In Windoze land, there is Vulsearch, a superb utility which even integrates Whitaker's Words, an excellent Latin vocabulary tool. But it's heavily graphical and thus beyond my ability to port. In any case, I wanted something firmly in the Unix tradition: do one thing well, without any unnecessary complication. A good, old-fashioned, command-line utility was what I needed.

There is kjv-bible; however, that has a couple of shortcomings as far as Catholics are concerned as well as in general, which are discussed more thoroughly in the FAQ. So I decided I needed to write my own.

Originally, it was in C. Indeed, the program was mapped out in C. But I quickly found myself repeatedly reinventing the wheel. I decided to switch to a language that had built-in regular expressions and was designed around text processing, since that's what I was doing. I also wanted something that was nearly universal (on Linux and other *nixes) so that people wouldn't be forced to install a new programming language to make it work. Perl fit the bill in every respect. So I rewrote the skeleton in Perl. Good programmers assure me that you'll always have to rewrite a program at least once from the ground up; I guess this means I'll have to do it at least twice.

It was a good choice; the program began falling together relatively easily after that. I was able to integrate all the major features that I wanted to see: getting; searching; some options on results; and most especially the ability to save results to the buffers, and if desired save the buffers permanently.
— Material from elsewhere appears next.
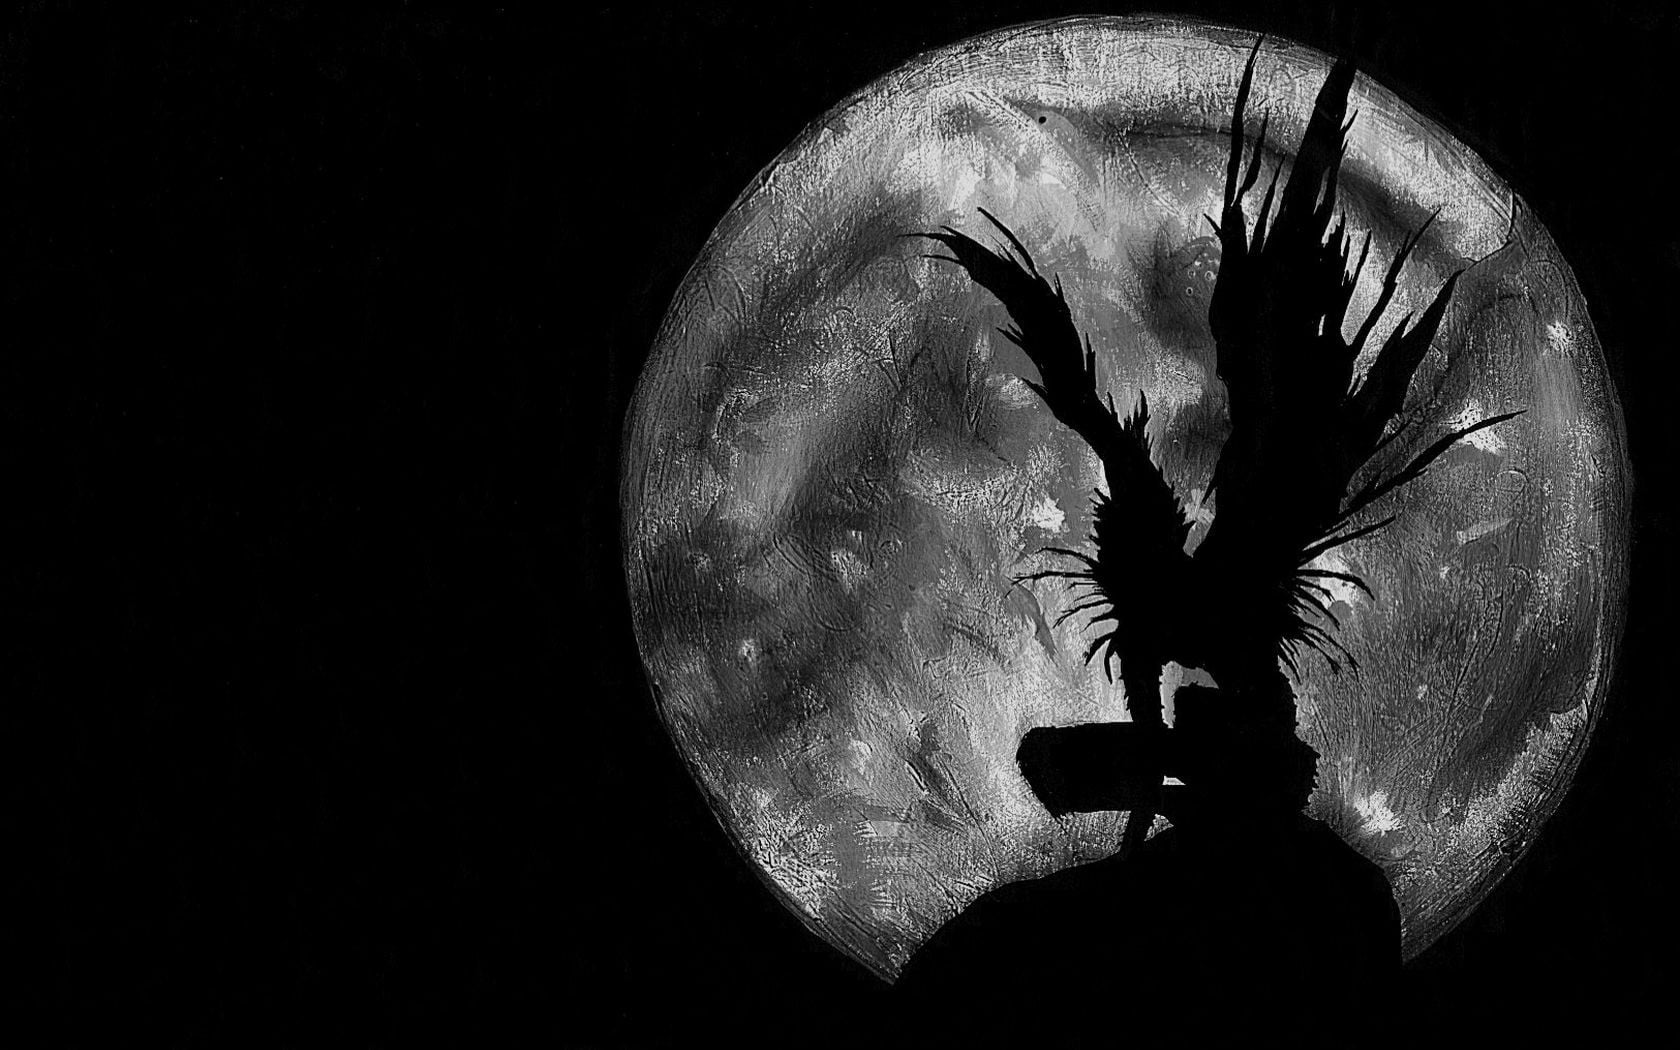 Death Note Ryuk wallpaper, Moon, human body part, one person

Adding new languages is also trivial, should I ever find sufficiently open texts to format for the program.

Of course, I needed texts. Fortunately, the author of the Vulsearch program has done some fantastic work digitizing the Douay-Rheims and Clementine Vulgate, and has with remarkable generosity released those texts into the public domain. For more information about this superlative texts, please visit the Vulsearch website explaining the origin and quality of the texts.

There are still some kinks to work out, and a few new features I'd like to add (how about comparing two buffers to one another? writing the results to a third buffer?). Having a firm faith in the open source model, I decided that beta testing would be the best way to iron those out. Don't be fooled by the less-than-one version number, however; bibsearch is remarkably stable, and does precisely what it's supposed to do. The only thing really describable as a bug that I've found so far is the inability to write to or append to a buffer in the same query as one searches it. But I'll figure it out. Or one of you good beta testers will contribute.

In any case, I hope that bibsearch is an aide to you in your Scriptural reading and studies. May St. Jerome guide you in all your perusals of Holy Writ.